Sour natural gas contains H2S and CO2, which have to be removed to meet specifications for sales gas. The removal process is done at the gas plants. The resulting acid gas streams (primarily H2S and CO2) are processed in sulfur recovery units or sulfur plants, which convert the H2S to elemental sulfur instead of burning it and flaring the produced SO2. The sulfur recovery units (SRU) are not a major revenue generator (due to the low sulfur price) and are primarily installed for environmental reasons.
The total world sulfur production is anticipated to increase in the future, causing a downward pressure on sulfur prices. With low sulfur prices and large stockpiles of sulfur, it is worthwhile to consider alternate processes for handling sulfur. One such alternate is the injection of acid gas into a subsurface reservoir, much like injecting the produced water during crude oil production.

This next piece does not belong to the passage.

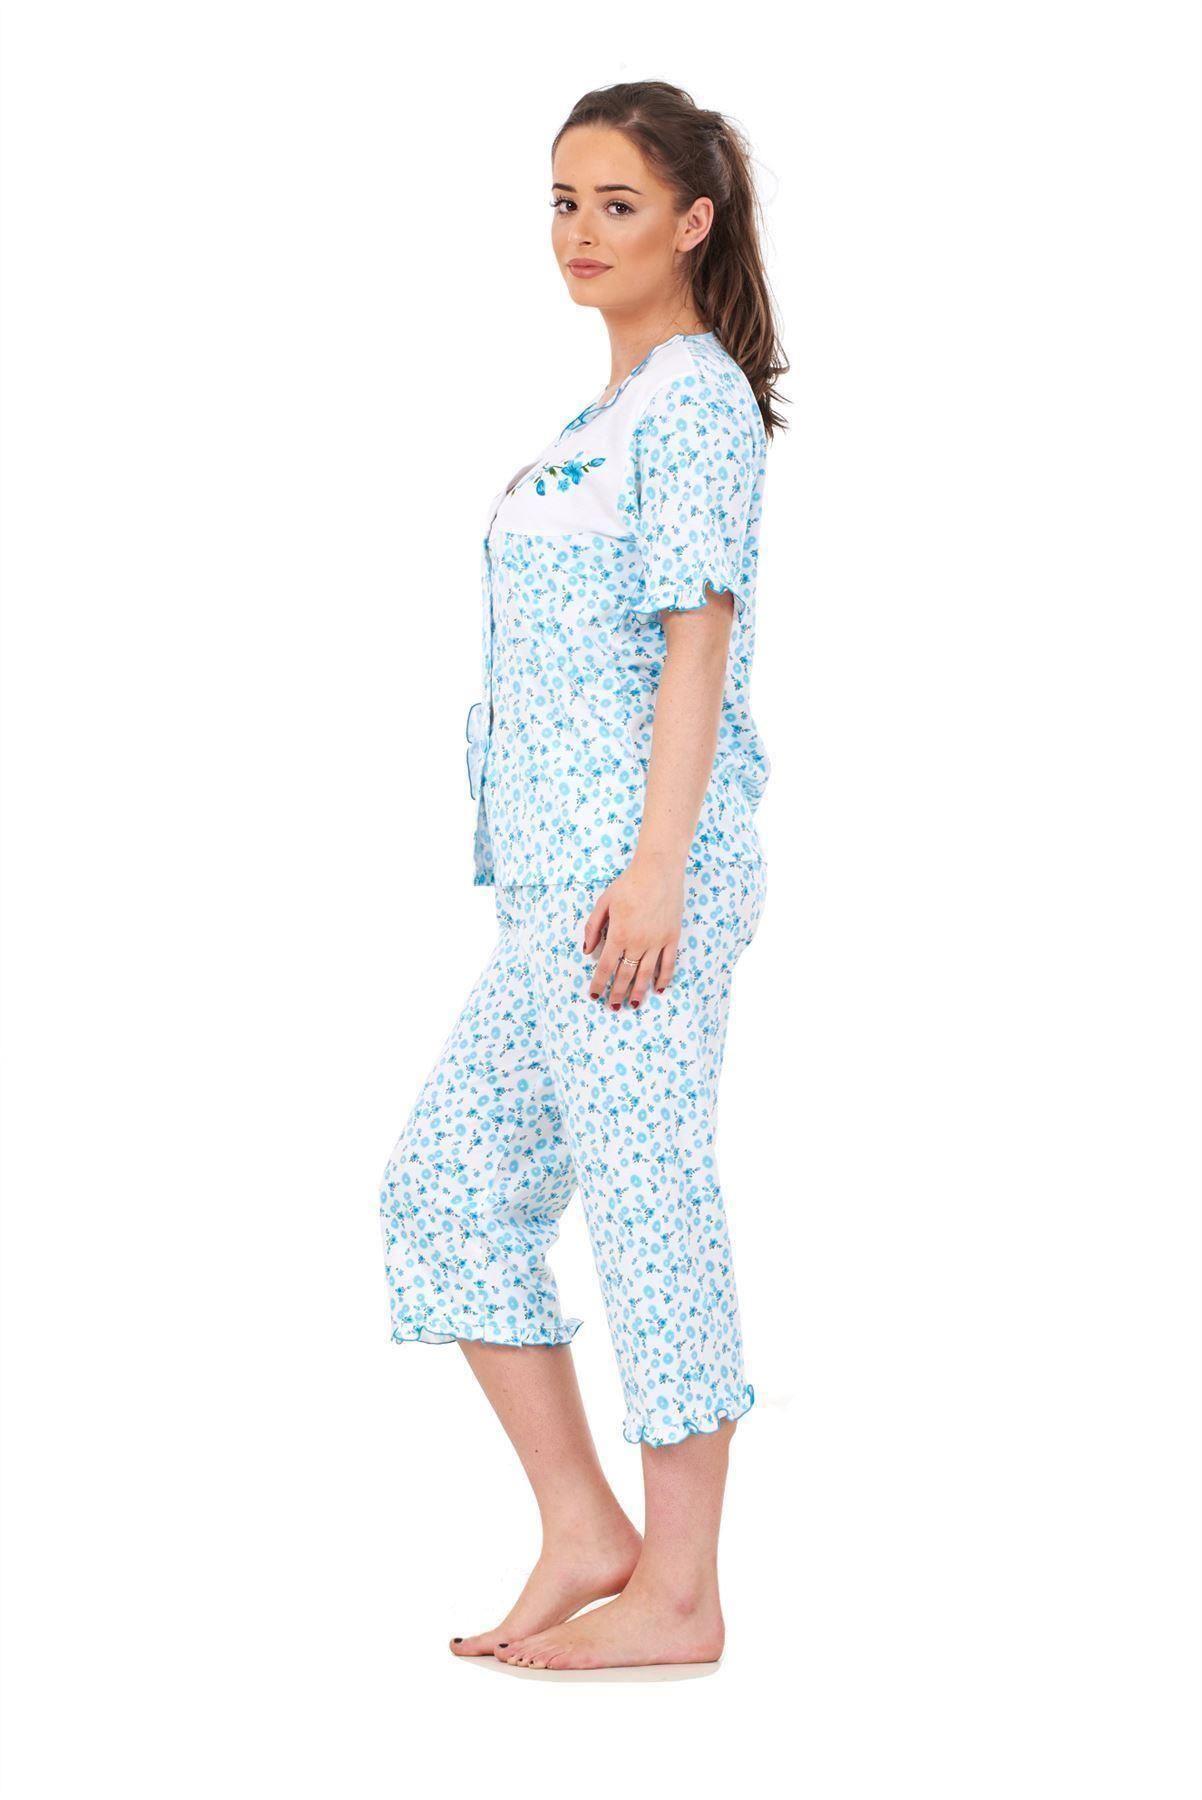 Donna Pigiama Set 3//4 lunghezza manica corta cotone tasca morbida Nightwear M a XXL

Acid gas injection has several advantages and disadvantages. Advantages include low operating expenses, reduced sulfur emissions into the atmosphere, CO2 sequestration and the ability to handle wide range of acid gas compositions. Disadvantages include finding a geologically isolated disposal or storage reservoir, increased safety risks, subsurface migration and lost revenues from sulfur. Any one of these could be the controlling factor, and a detailed economic and environmental analysis is needed to decide whether an acid gas injection (AGI) scheme should be installed in lieu of sulfur recovery plant. The existing AGI schemes are primarily installed in Canada (a few in the USA) due to low sulfur prices, increased environmental regulations making it mandatory for operators to control sulfur emissions into the atmosphere, and availability of suitable depleted oil and gas reservoirs.
This paper presents a roadmap for acid gas injection schemes including the technical and economic factors that need to be addressed in deciding whether AGI is feasible. An example feasibility study for a Saudi Arabian field is included as a case study.
Raw natural gas, both associated and non-associated, generally contains carbon dioxide and sometimes hydrogen sulfide. These two components have to be removed from natural gas by a "sweetening" process involving a regenerative solvent. This removal process is necessary for the natural gas to meet pipeline and sales gas specifications. The separated gas stream, often referred as acid gases, usually contains H2S, CO2, water and minor amounts of hydrocarbon components. The amounts of these components in the acid gas stream, particularly H2S and CO2, vary significantly depending on their relative amounts in the raw gas stream and the selected gas treating process.
The acid gases are usually processed in a sulfur recovery unit, typically a modified Claus Plant, to convert H2S to elemental sulfur. The efficiency of the Claus Plant, and hence the conversion of H2S to sulfur, depends on the composition of acid gases. Conversion efficiency decreases as the concentration of CO2 increases relative to H2S in the feed stream. At very high CO2/H2S ratios in the acid gases, a Super Claus unit or a tail gas unit must be employed to boost the conversion efficiencies of the Claus Plant and meet sulfur dioxide (SO2) environmental emission regulations. The addition of a Super Claus or a tail gas unit (TGU) increases the overall cost of sulfur production. The selection of an appropriate sulfur recovery technology also depends on the sulfur production capacity and environmental regulations.
An alternate to recovering the sulfur is to compress the acid gases and inject them into a suitable underground reservoir. This is akin to produced water disposal, with the added advantage of reducing the emission of greenhouse and acid gases. Stricter environmental regulations also favor the reinjection option, as the tail gas is burnt/flared and emitted to the atmosphere in the form of sulfur dioxide (SO2) and CO2.
During the past decade, a number of operators, primarily in Canada, have developed technologies for disposing acid gases by injecting them into subsurface reservoirs. In many cases, the injection option has been economically, operationally and environmentally superior to a sulfur recovery unit. This has been primarily due to the availability of shallower reservoirs for injection, and low acid gas flow rates that make a SRU a more expensive option.